Patrick Cockburn |
21/6/2011, Patrick Cockburn, The Independent, UK
Traduzido pelo Coletivo da Vila Vudu
Foi uma das maiores fugas de prisioneiros de que se tem notícia, em termos de engenho e perseverança dos envolvidos. Aconteceu às 22h do dia 25 de abril de 2011, no sul do Afeganistão. Depois de cinco meses de cavar túneis, os escavadores Talibã chegaram finalmente ao chão de concreto de uma cela no centro da prisão de Sarposa, nos arredores de Kandahar. Atrás deles serpenteava um túnel com 90 cm de altura e quase 400 m de comprimento, que passava por baixo das muralhas da prisão e ia até uma casa num dos extremos de uma estrada próxima. Durante as cinco horas seguintes, 541 prisioneiros, um deles com uma perna quebrada, rastejaram rumo à liberdade. Só mais tarde, pela manhã, quando os guardas fizeram a chamada regular dos prisioneiros reunidos no pátio, descobriram-se as celas vazias, das quais haviam desaparecido alguns dos prisioneiros considerados os mais perigosos do mundo.
A história dessa fuga não é apenas excitante e cheia de suspense; ela mostra, sobretudo, que os Talibã – sempre apresentados no ocidente como fanáticos e dementes – são gente disciplinada, que são imaginativos e capazes de mobilizar inúmeros recursos. Isso, precisamente, faz deles adversários tão formidáveis, que, apesar de inferiores numericamente, com armas menos poderosas e treinamento menos moderno, ainda não foram derrotados pelos exércitos norte-americano, britânico e afegão. A fuga da prisão de Kandahar é prova de rara habilidade para planejar, prever dificuldades e construir soluções inteligentes para superá-las.

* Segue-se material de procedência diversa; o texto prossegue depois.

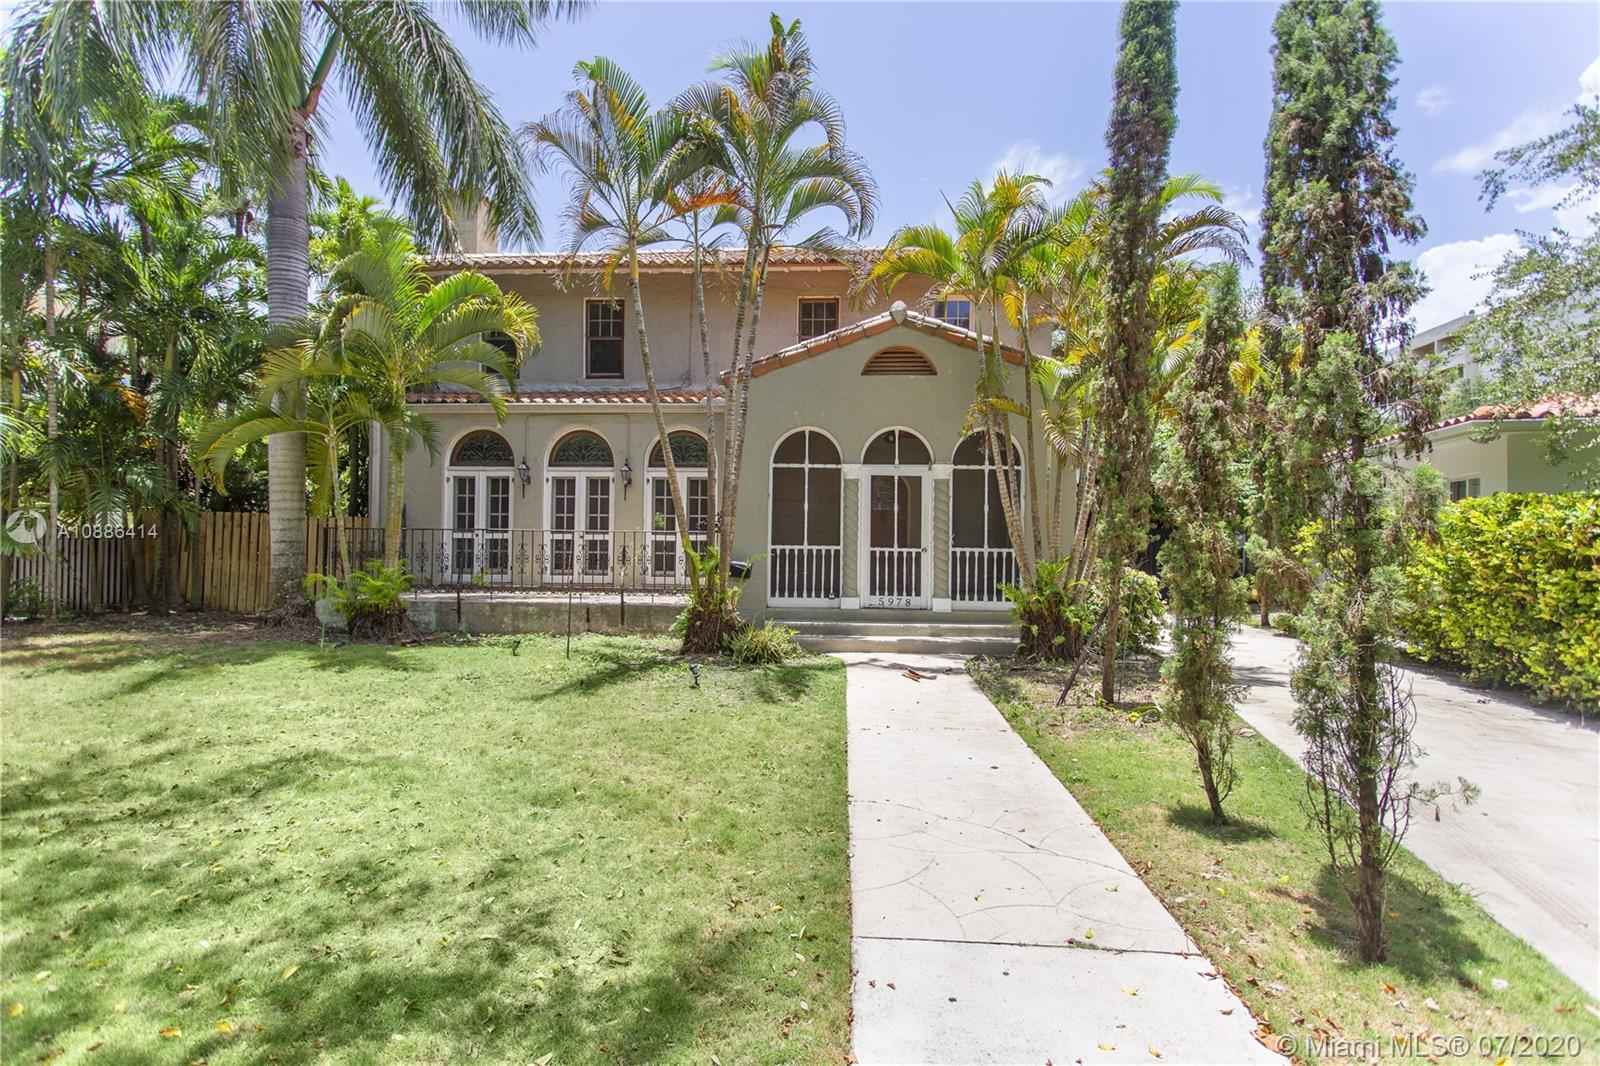 Morningside - 5978 NE 6th Ct, Miami, FL 33137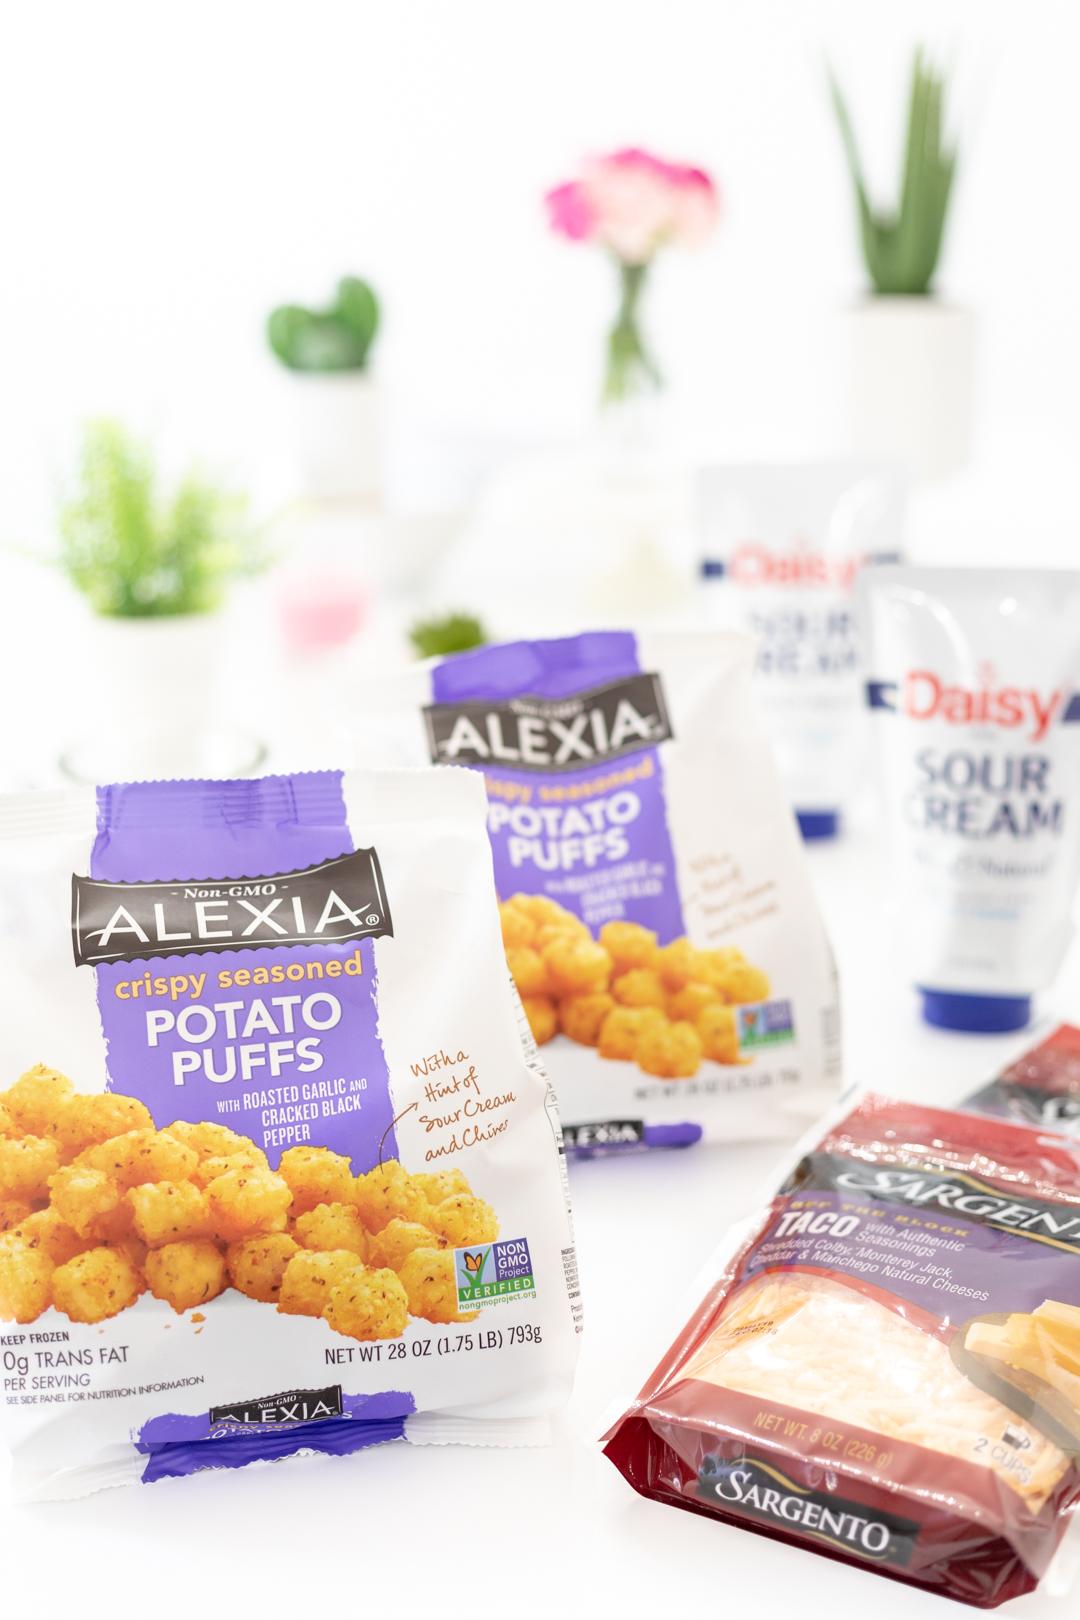 Alexia Potato Puffs

Essa fuga também é uma das raras operações de alta complexidade levadas a cabo pelos Talibã e da qual há relatórios extensivos elaborados pelos próprios Talibã, cuja autenticidade pode ser confirmada por fontes oficiais dos EUA e do Afeganistão. Alguns dos detalhes surgiram logo depois da fuga; um porta-voz dos Talibã vangloriou-se do sucesso da operação, e funcionários dos EUA e Afeganistão tiveram de acorrer com explicações embaraçadas sobre o que não dera certo. Mas a história completa da fuga da prisão de Kandahar só apareceu meses depois, quando os Talibã liberaram detalhes da operação para publicação em sua revista Al-Somood, em árabe.
Foram publicados dois artigos, um dos quais parece ser o relatório oficial integral redigido pelos Talibã de toda a fuga; o outro relatório, mais curto, apareceu assinado por “Muhammad Idris”, um jovem combatente Talibã que estava detido na prisão de Sarposa à espera de julgamento e que foi dos primeiros a entrar no túnel.
Os dois artigos foram traduzidos e distribuídos pela prestigiosa página Afghanistan Analysts. Os relatores pouco dizem sobre alguns episódios, por exemplo, a possível cumplicidade de guardas da prisão. Mas, no geral, o relatório é convincente.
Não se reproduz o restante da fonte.